(Beginning of SOURCE MATERIAL)

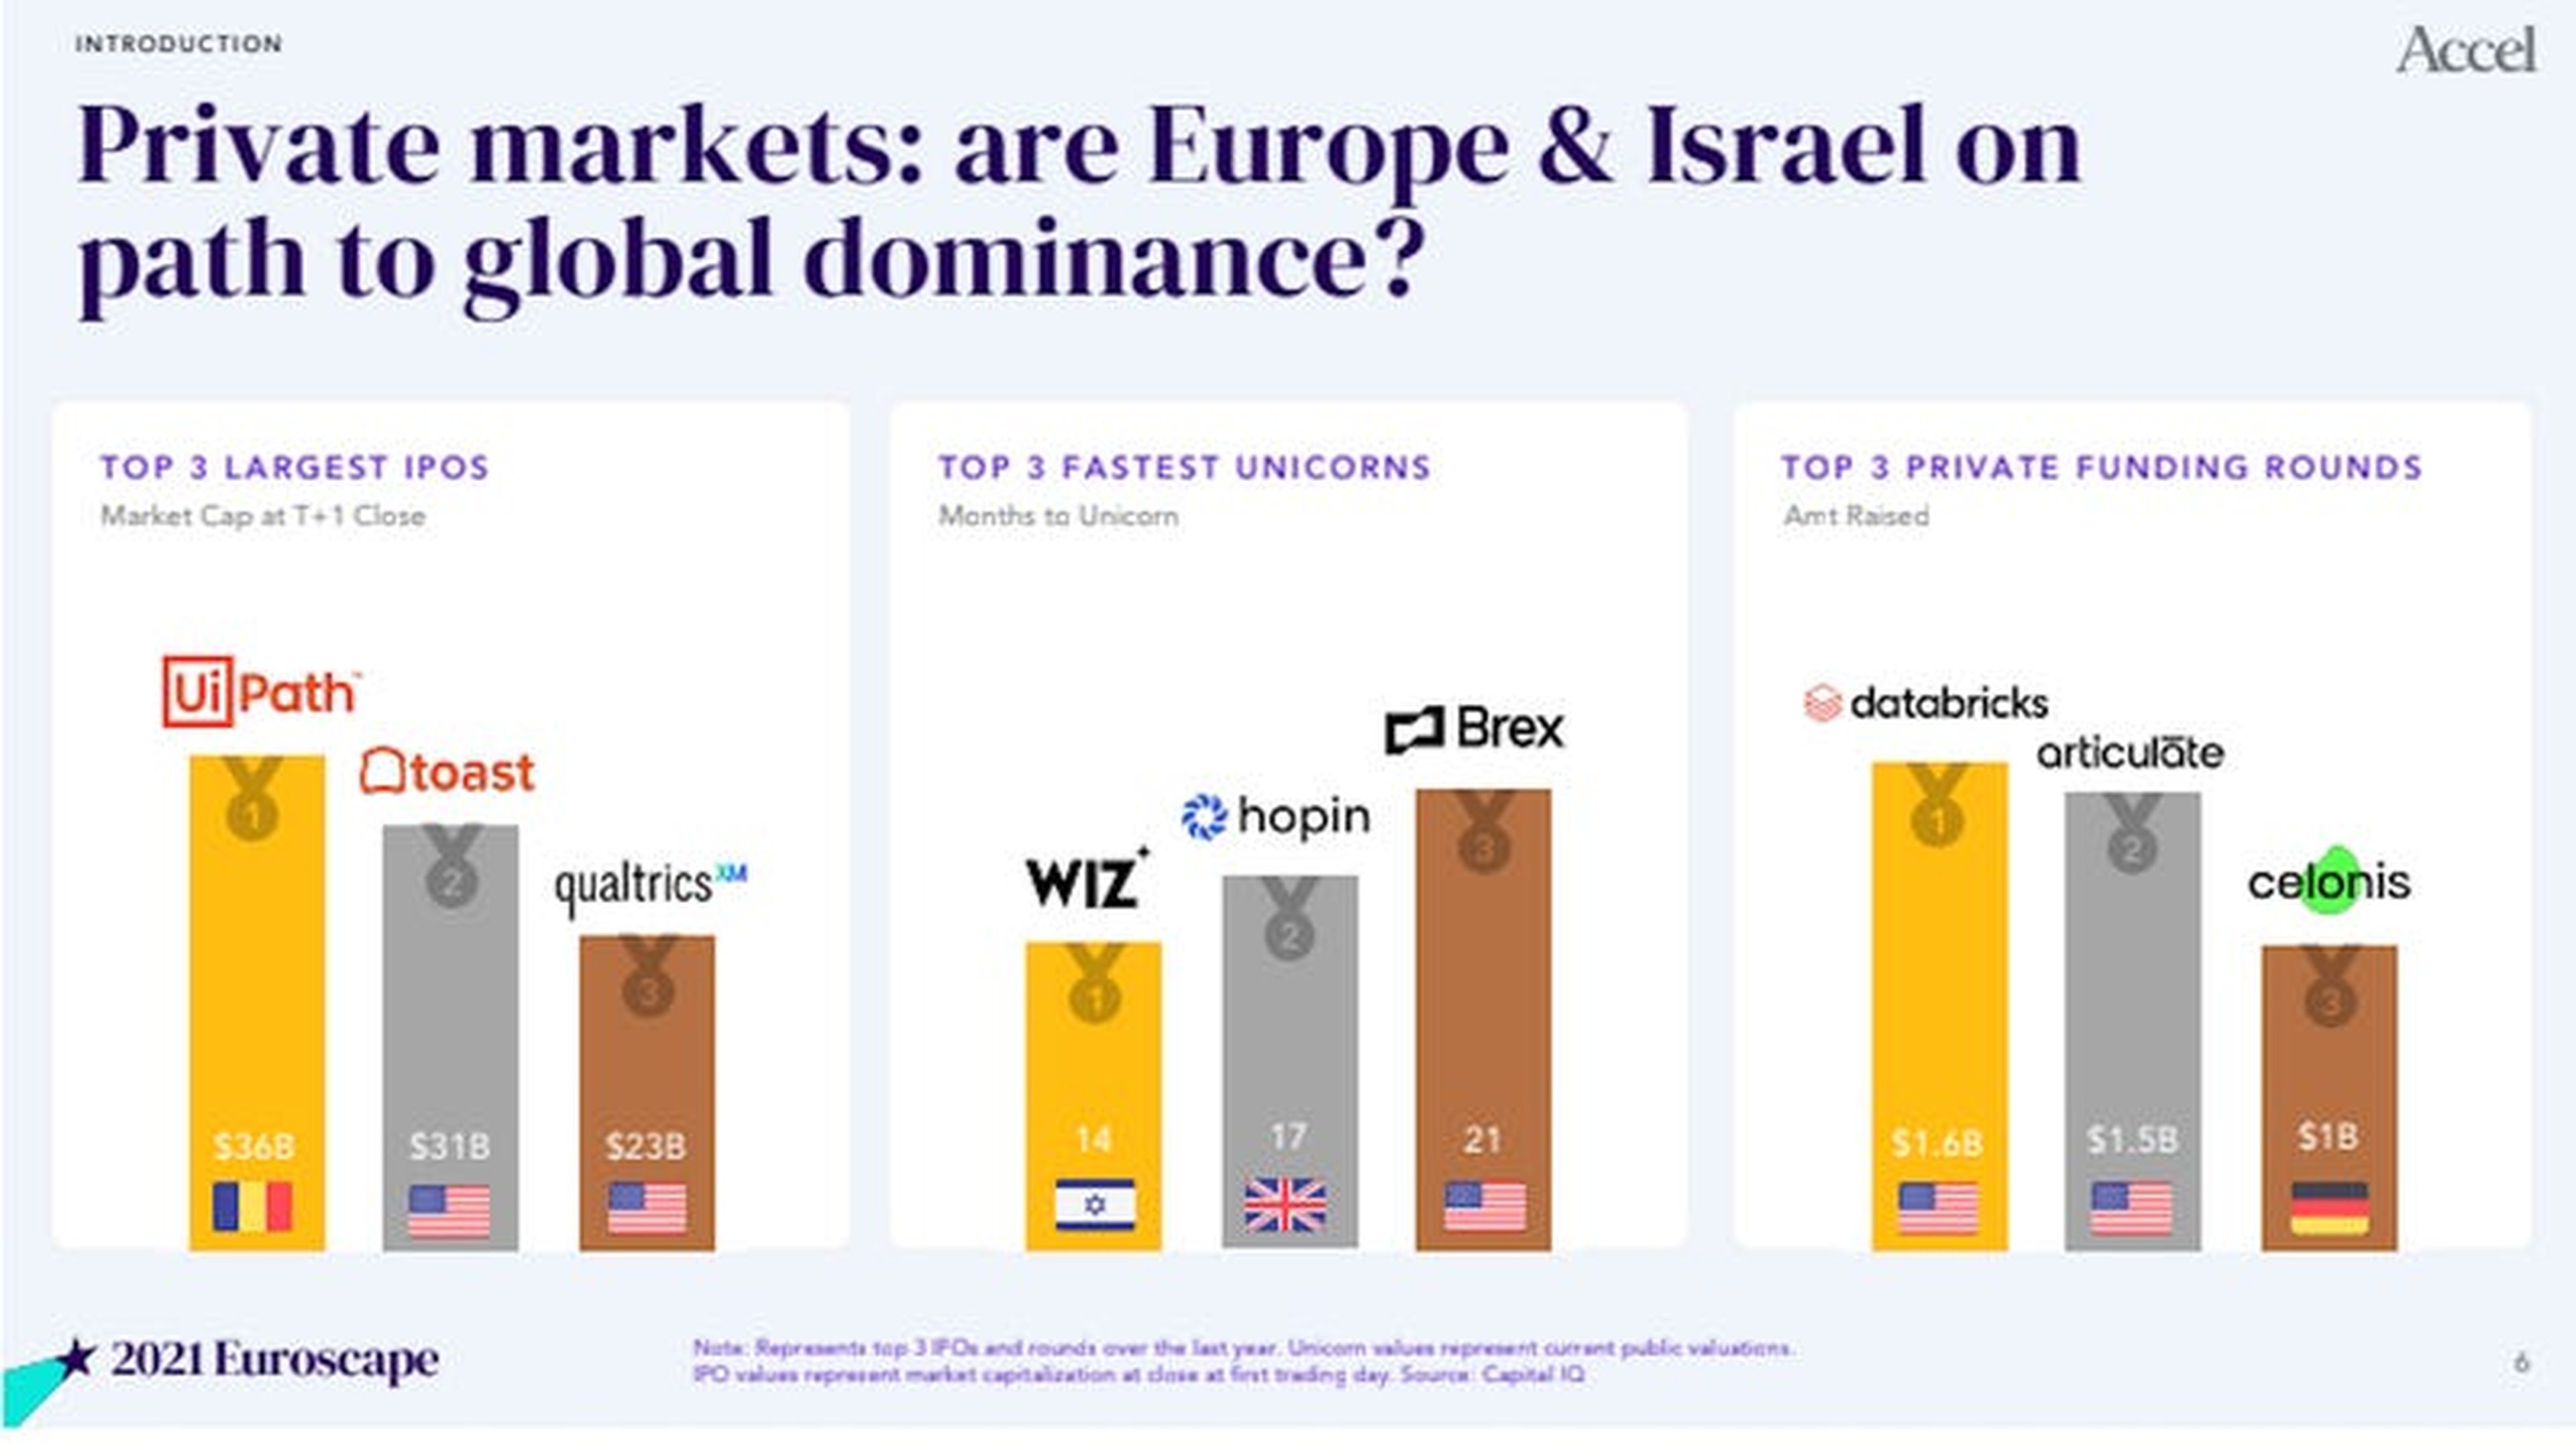 Las startups europeas compiten con las estadounidenses en tamaño de sus OPV, rapidez de crecimiento y cantidad de financiación obtenida.
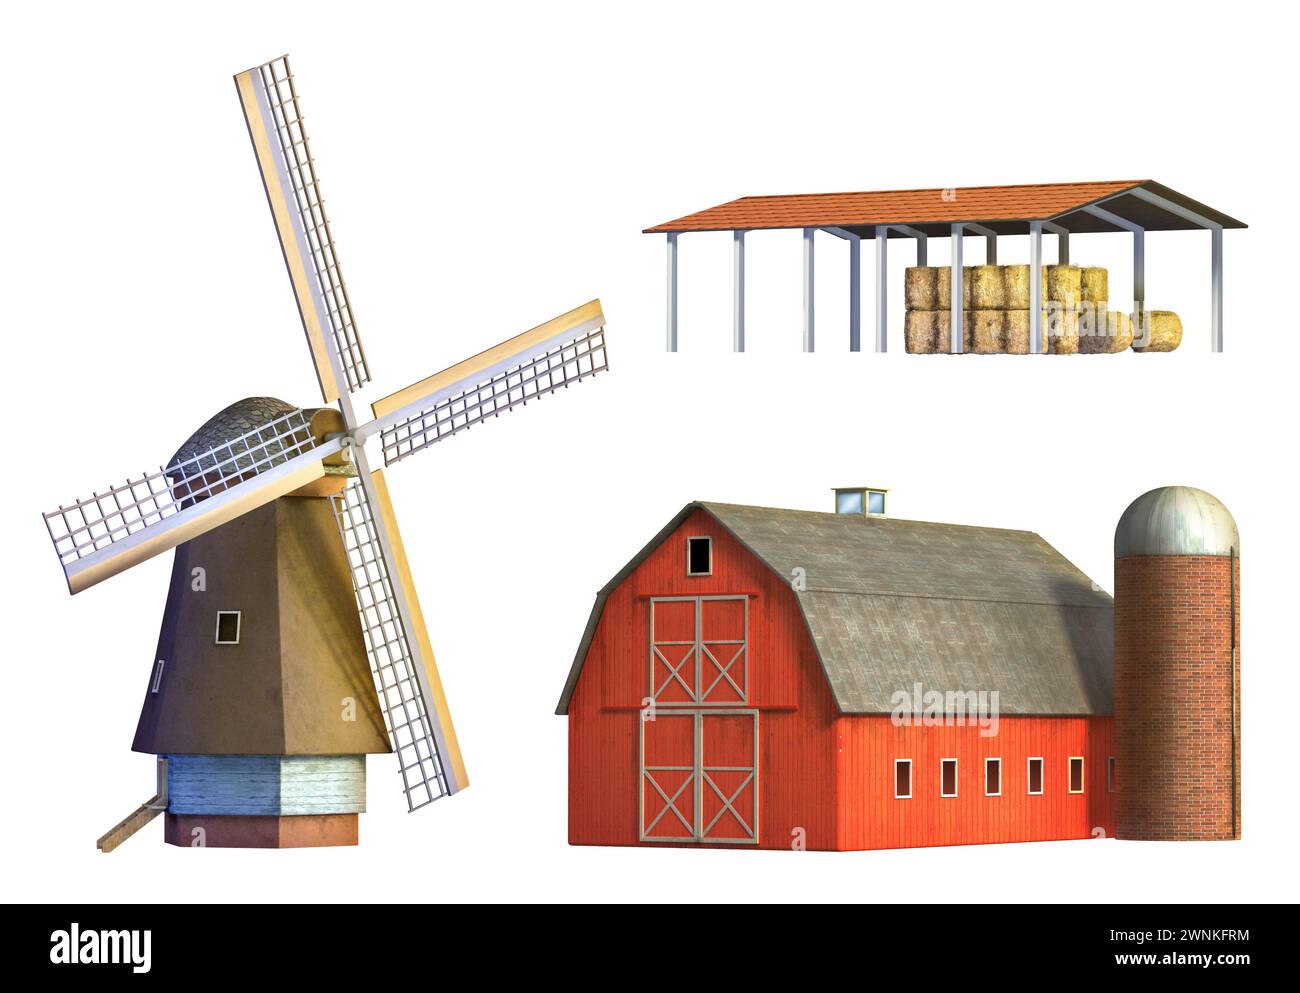 Verschiedene Beispiele ländlicher Architektur: Windmühle, Scheune und Depot. Digitale Illustration, Beschneidungspfad enthalten. Stockfoto
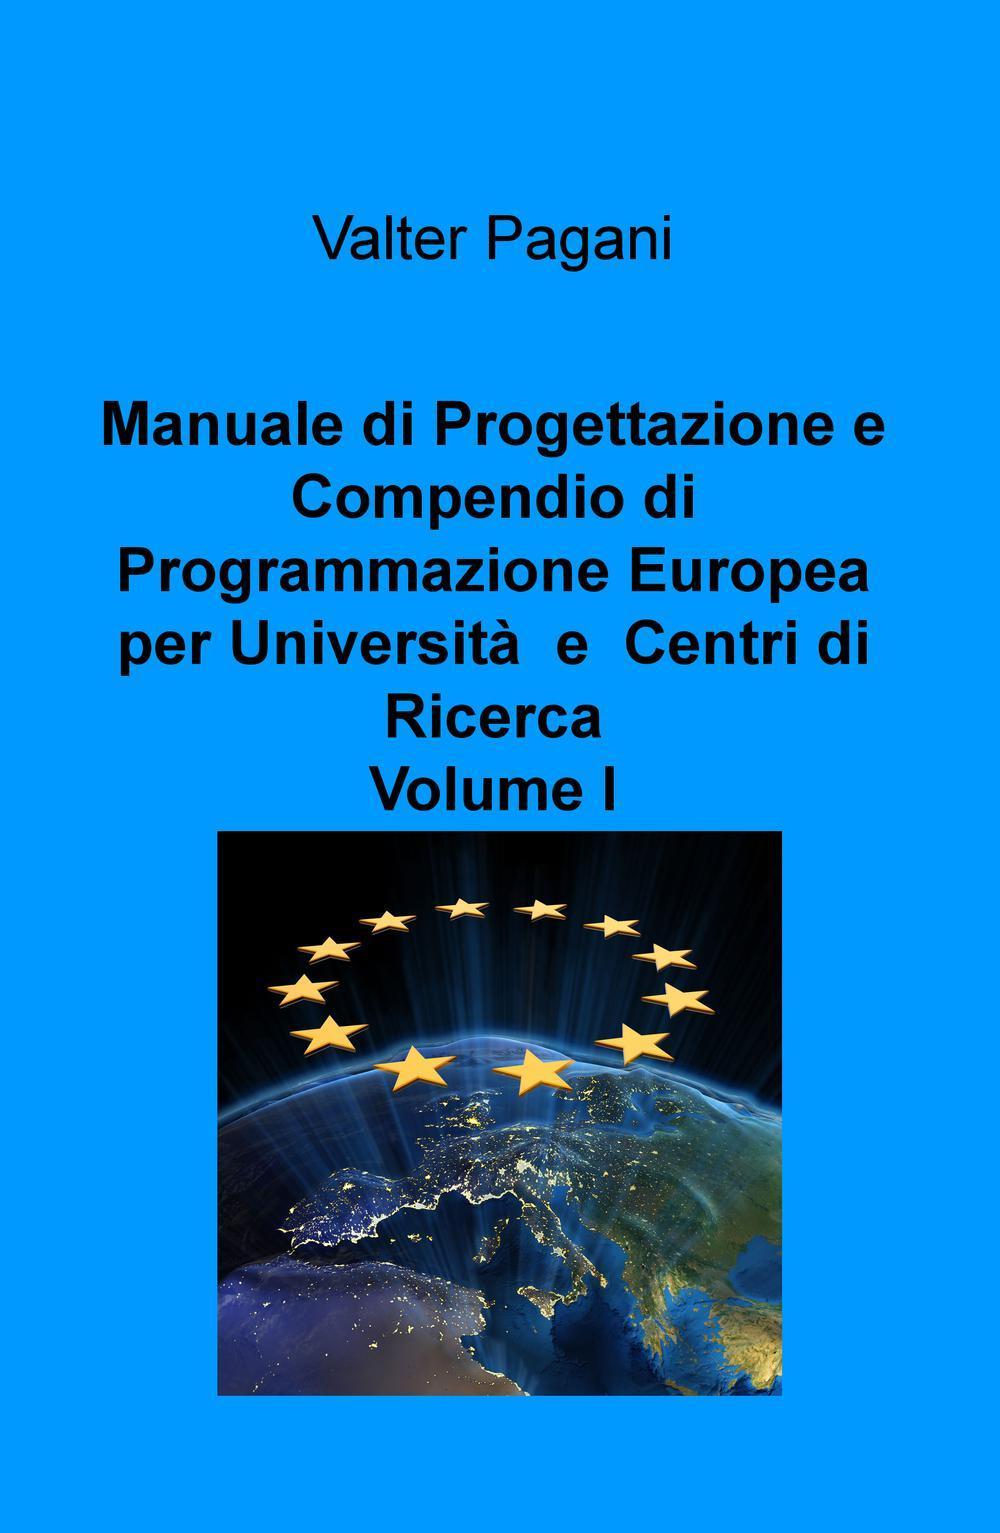 Manuale di progettazione e compendio di programmazione europea per università e centri di ricerca. Vol. 1: Come atenei, dipartimenti universitari e team di ricerca possono progettare interventi con i fondi europei
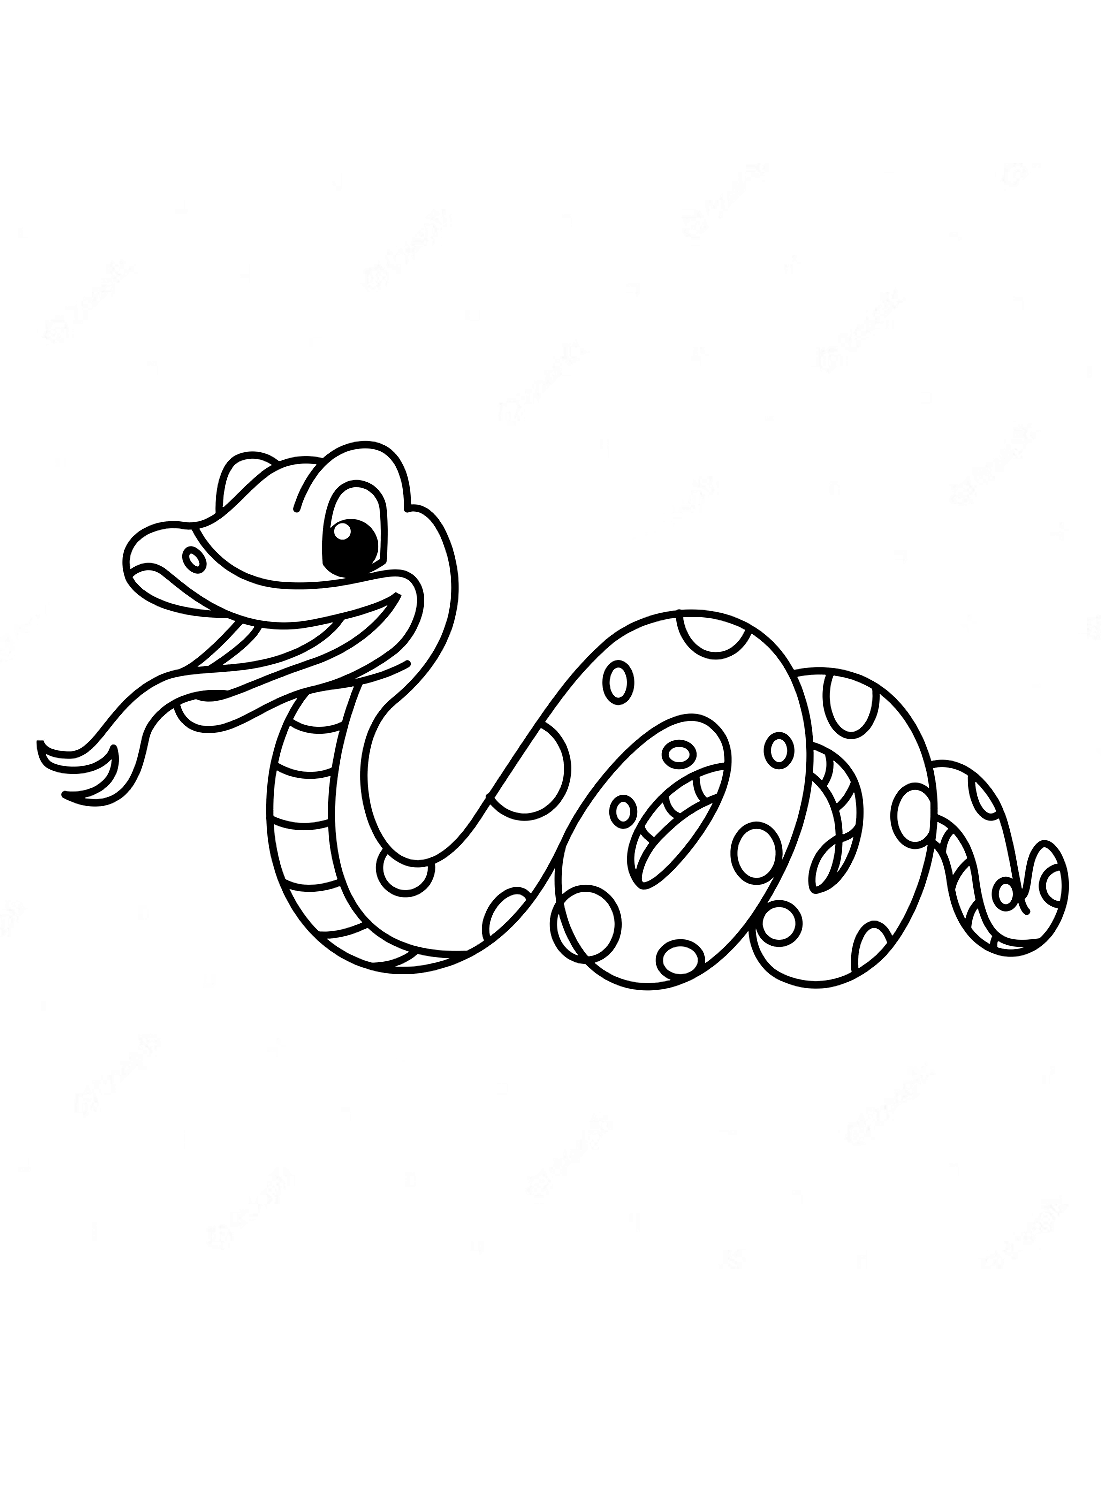 Desenho de uma cobra fofa para colorir

(End of SOURCE MATERIAL)

=== REQUIREMENT ===
With the pictures excluded, retype exactly the lines from the one containing "Verschiedene Beispiele ländlicher" through the last line of the listing, both ends included.

=== RESULT FOR THIS EXERCISE ===
 Verschiedene Beispiele ländlicher Architektur: Windmühle, Scheune und Depot. Digitale Illustration, Beschneidungspfad enthalten. Stockfoto
 Manuale di progettazione e compendio di programmazione europea per università e centri di ricerca. Vol. 1: Come atenei, dipartimenti universitari e team di ricerca possono progettare interventi con i fondi europei
 Desenho de uma cobra fofa para colorir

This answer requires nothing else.